→ PROBLEM TO WORK ON
From the entries below, please output exactly the lines starting at the one containing "LENCO DVL-240 23,6-calowy" and ending at the one containing "Netherlands Chamber Choir, Rascher", both included.

→ RECORD SET
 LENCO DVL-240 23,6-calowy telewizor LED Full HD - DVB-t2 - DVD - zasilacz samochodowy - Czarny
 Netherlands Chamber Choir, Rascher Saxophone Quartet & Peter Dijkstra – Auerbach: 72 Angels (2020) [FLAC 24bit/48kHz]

---

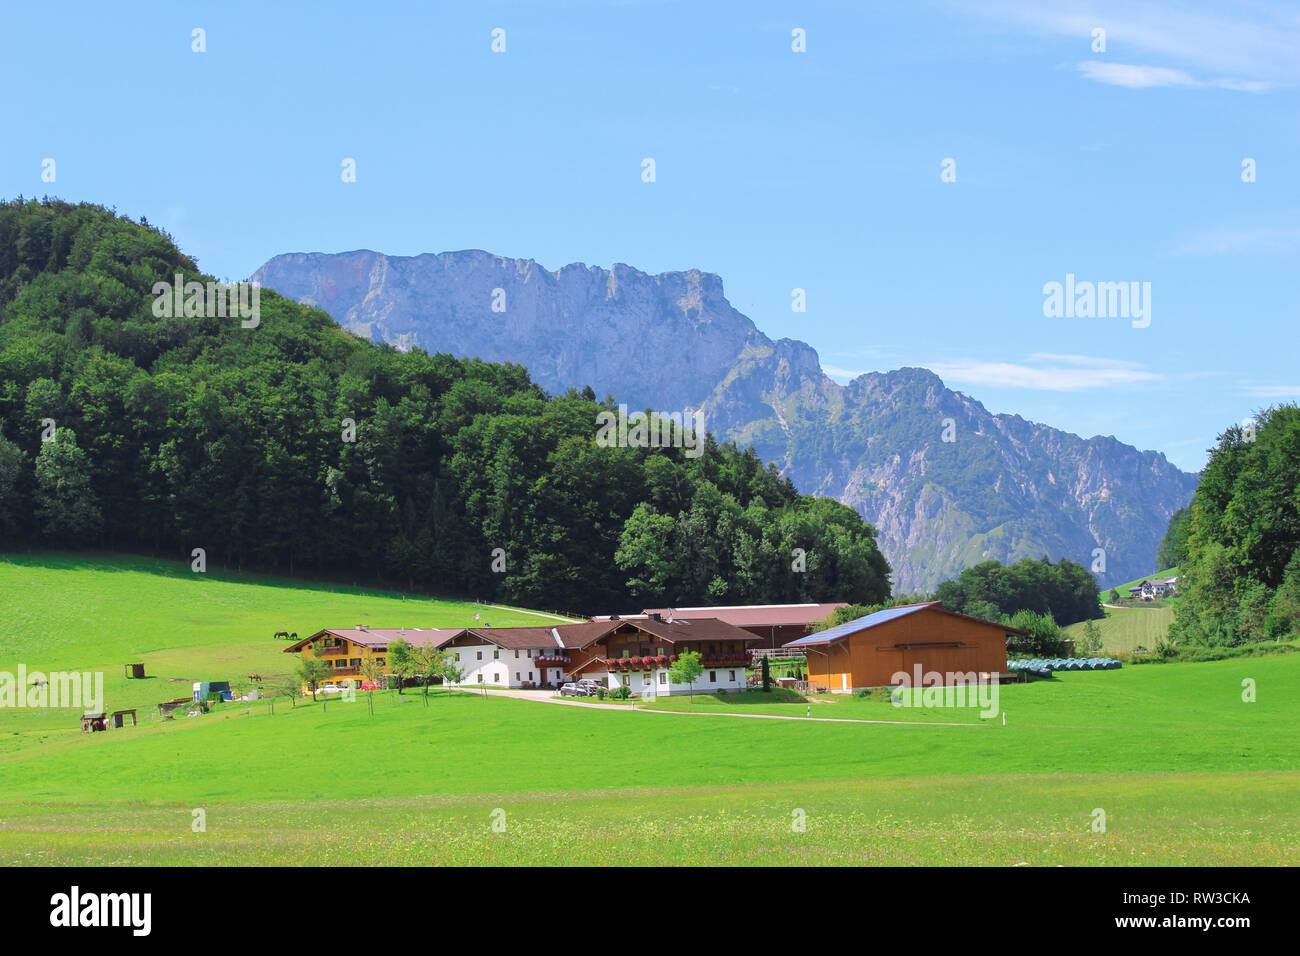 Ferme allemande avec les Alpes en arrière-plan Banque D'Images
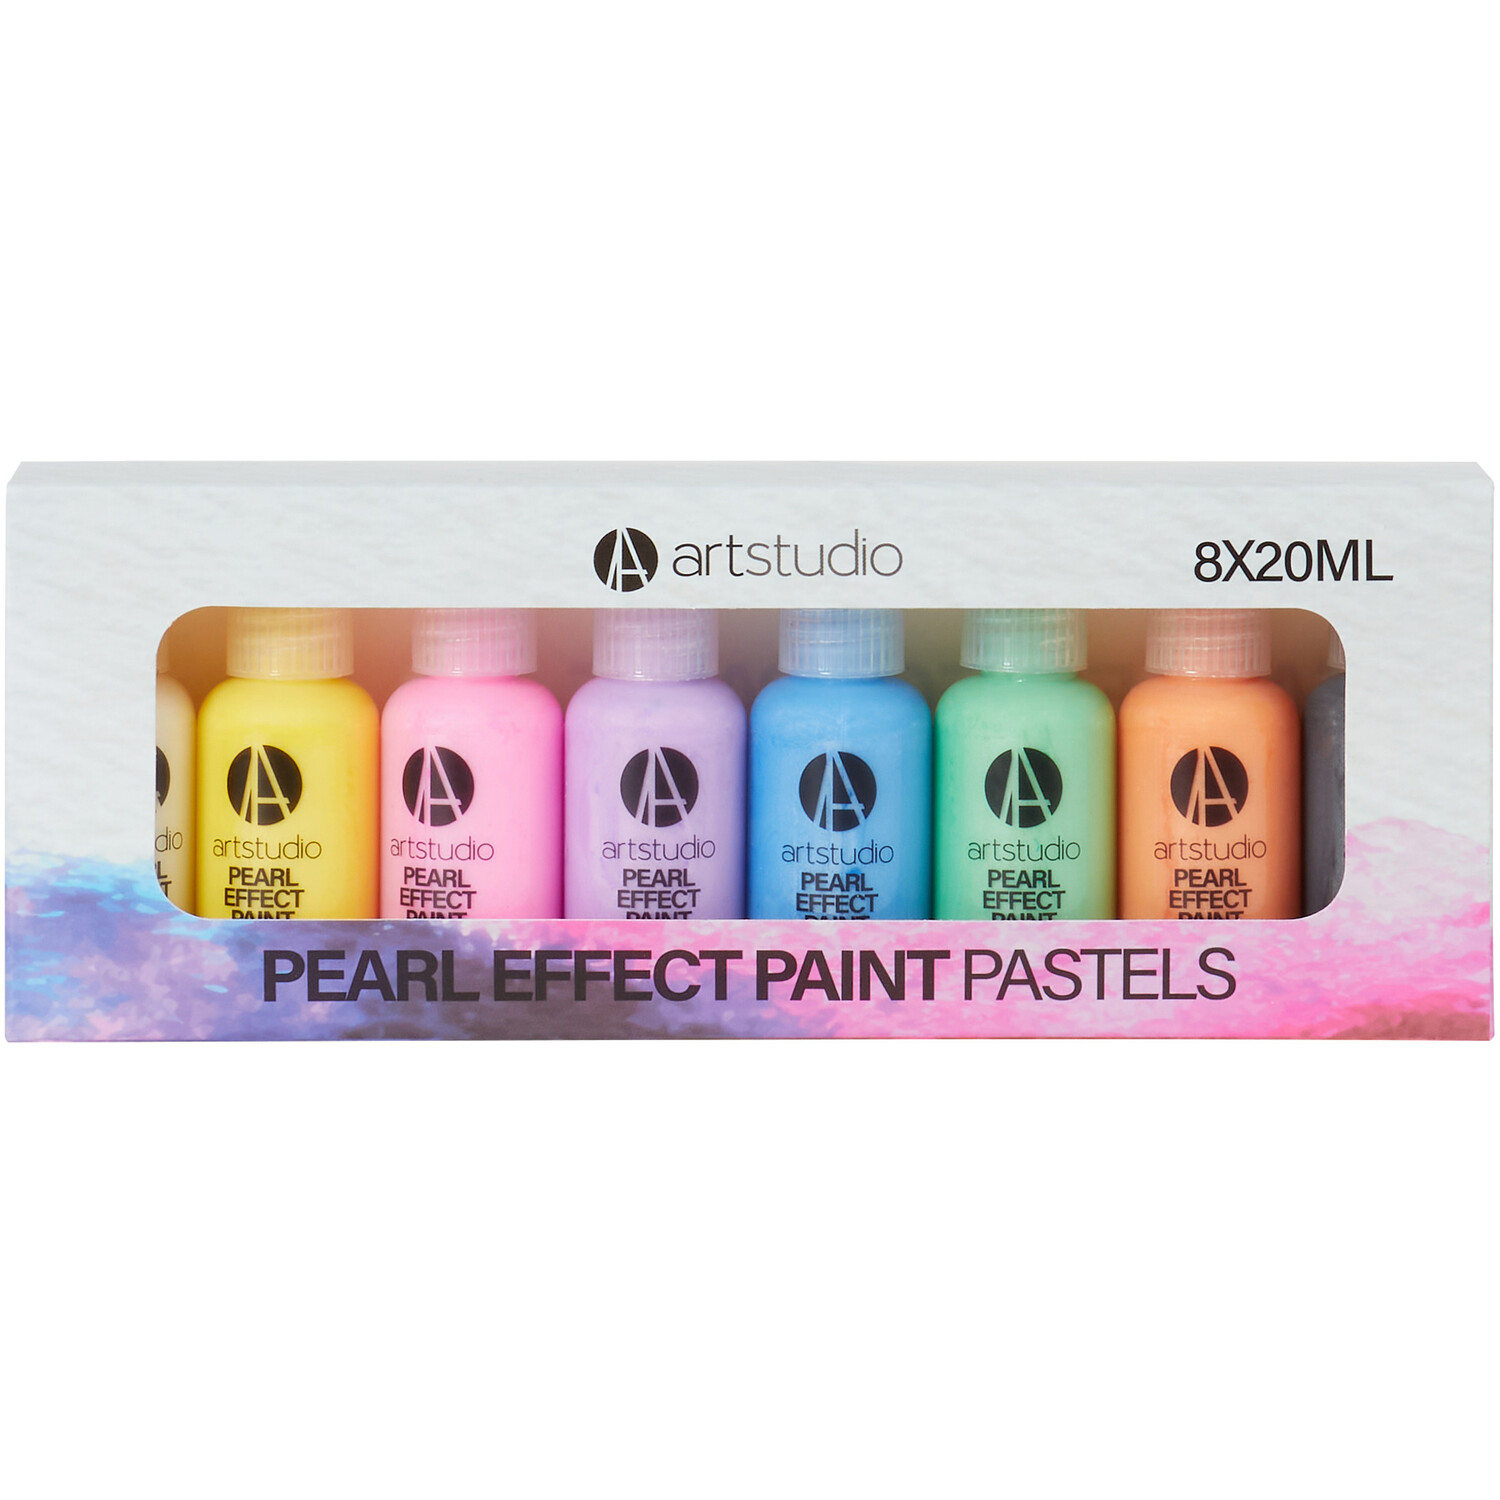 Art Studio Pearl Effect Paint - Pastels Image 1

...

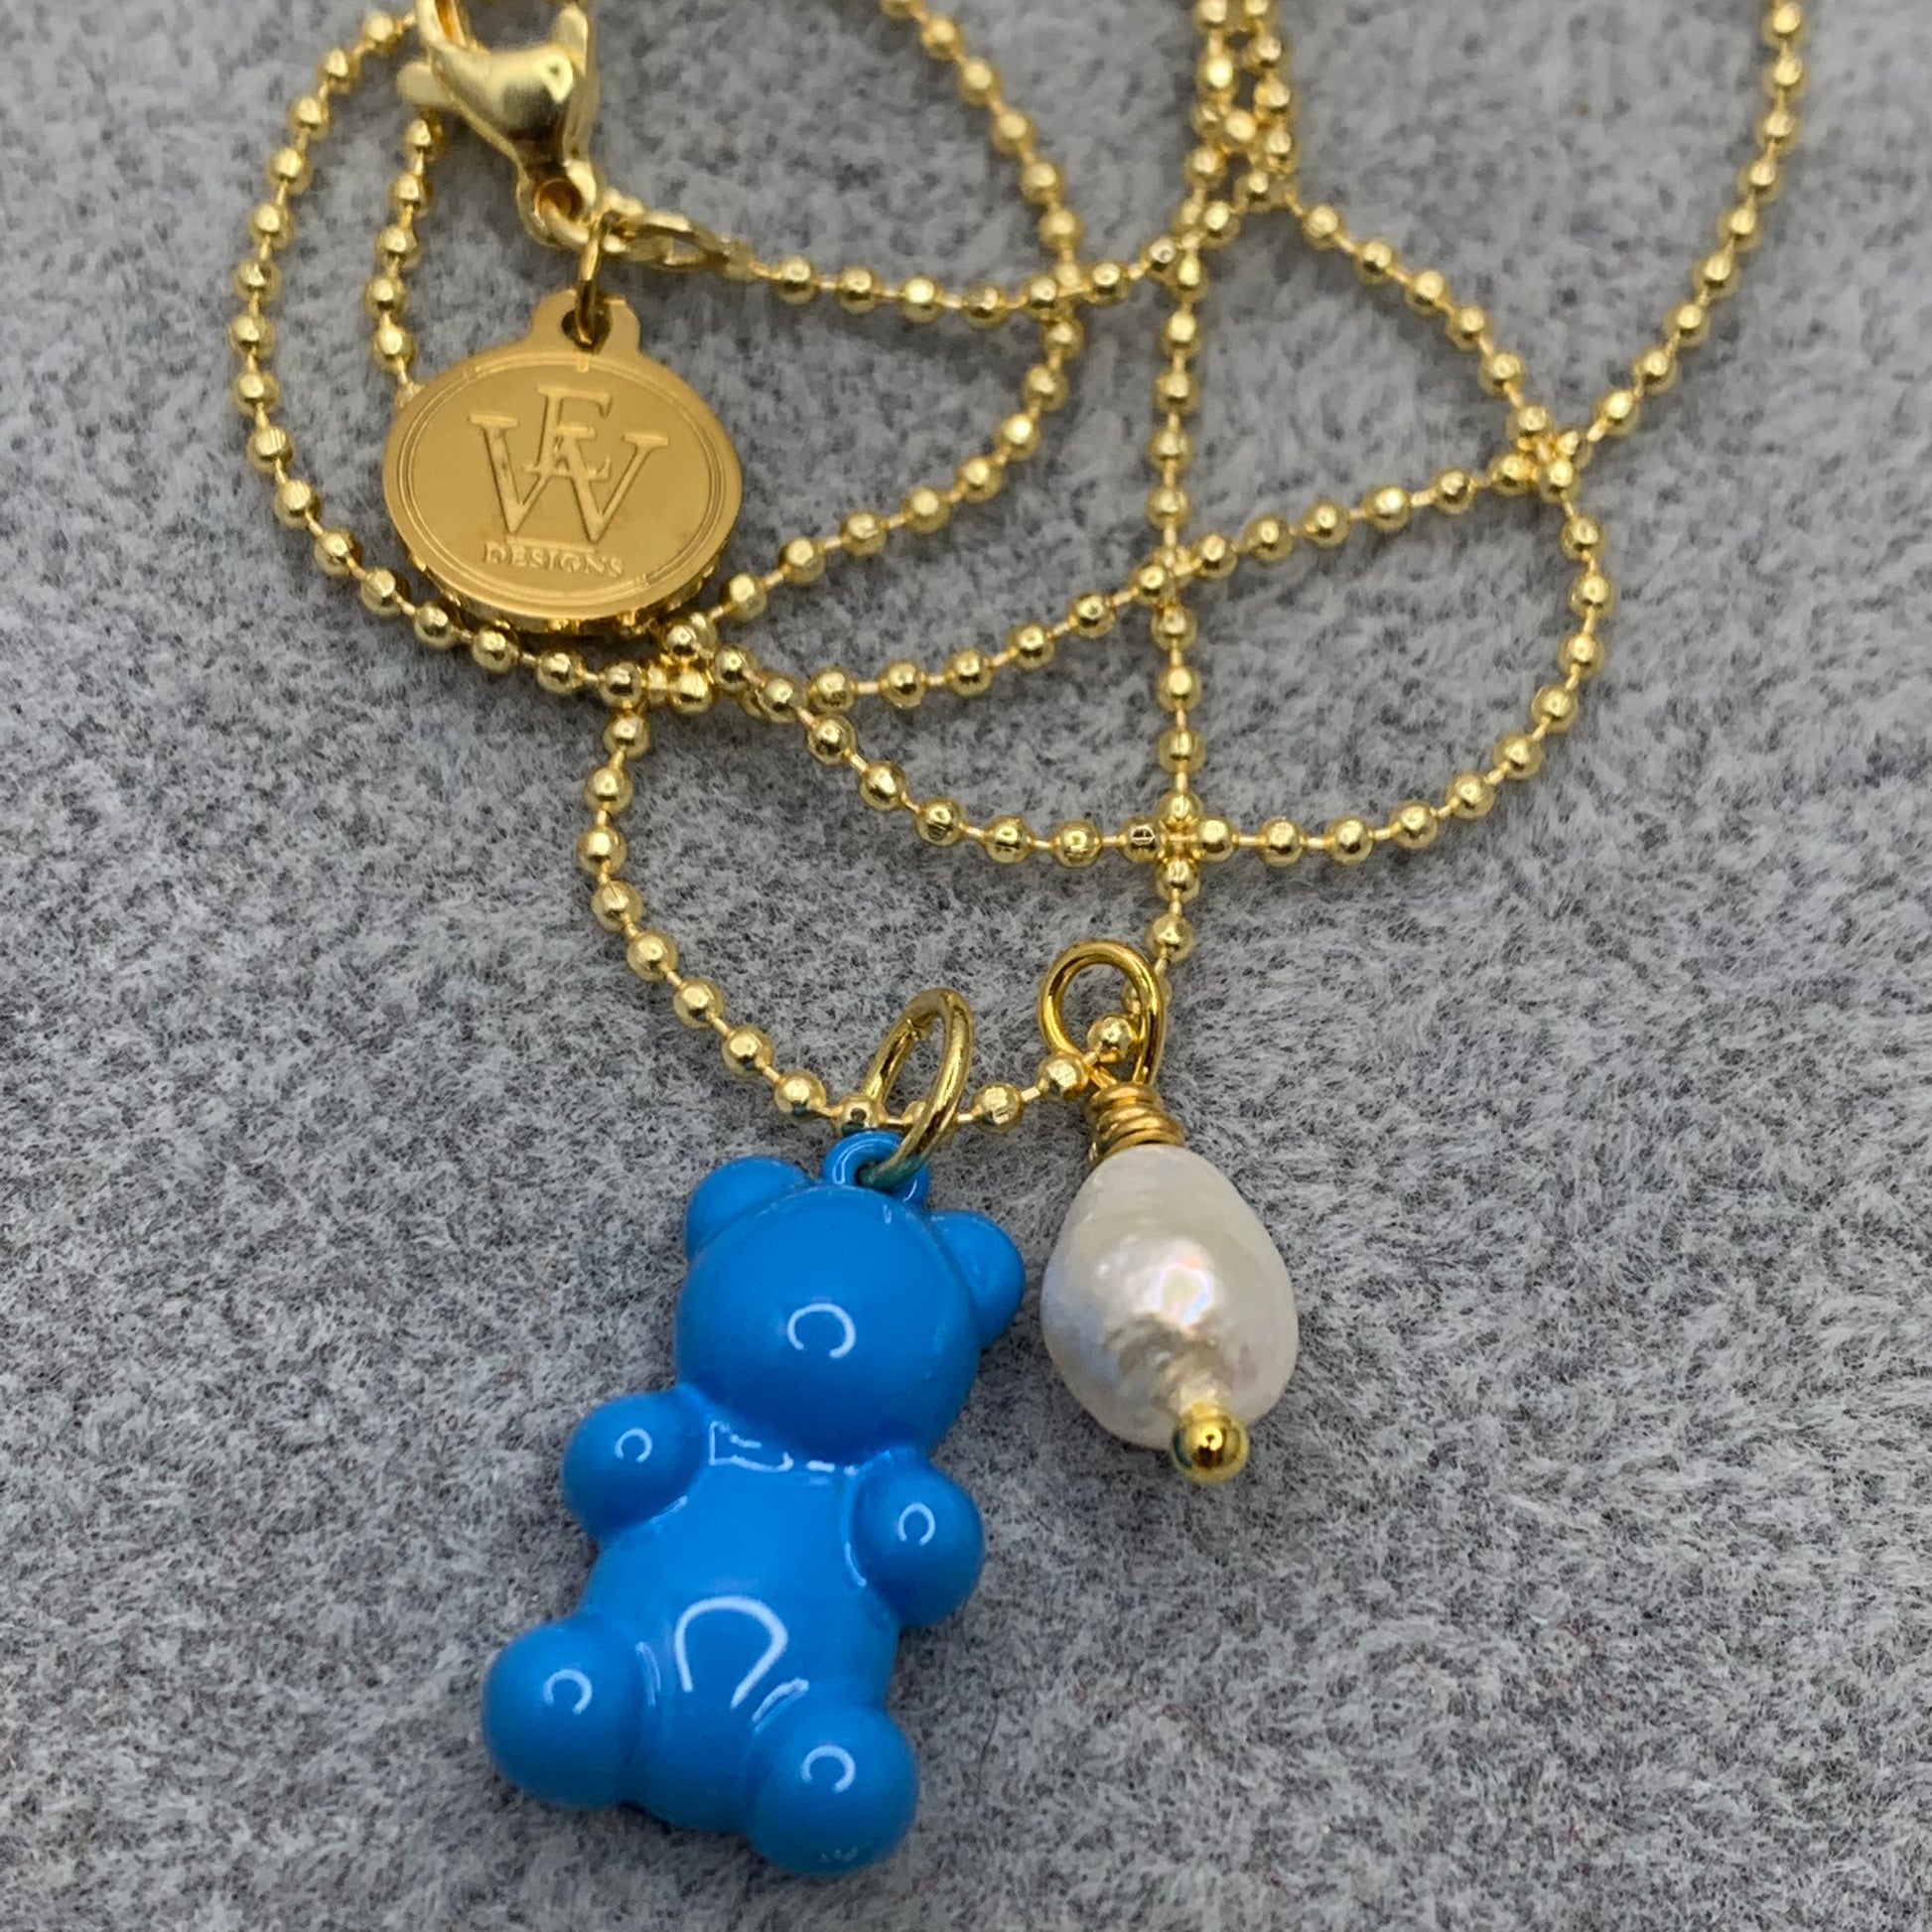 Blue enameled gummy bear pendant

→ ANSWER BOX
 LENCO DVL-240 23,6-calowy telewizor LED Full HD - DVB-t2 - DVD - zasilacz samochodowy - Czarny
 Netherlands Chamber Choir, Rascher Saxophone Quartet & Peter Dijkstra – Auerbach: 72 Angels (2020) [FLAC 24bit/48kHz]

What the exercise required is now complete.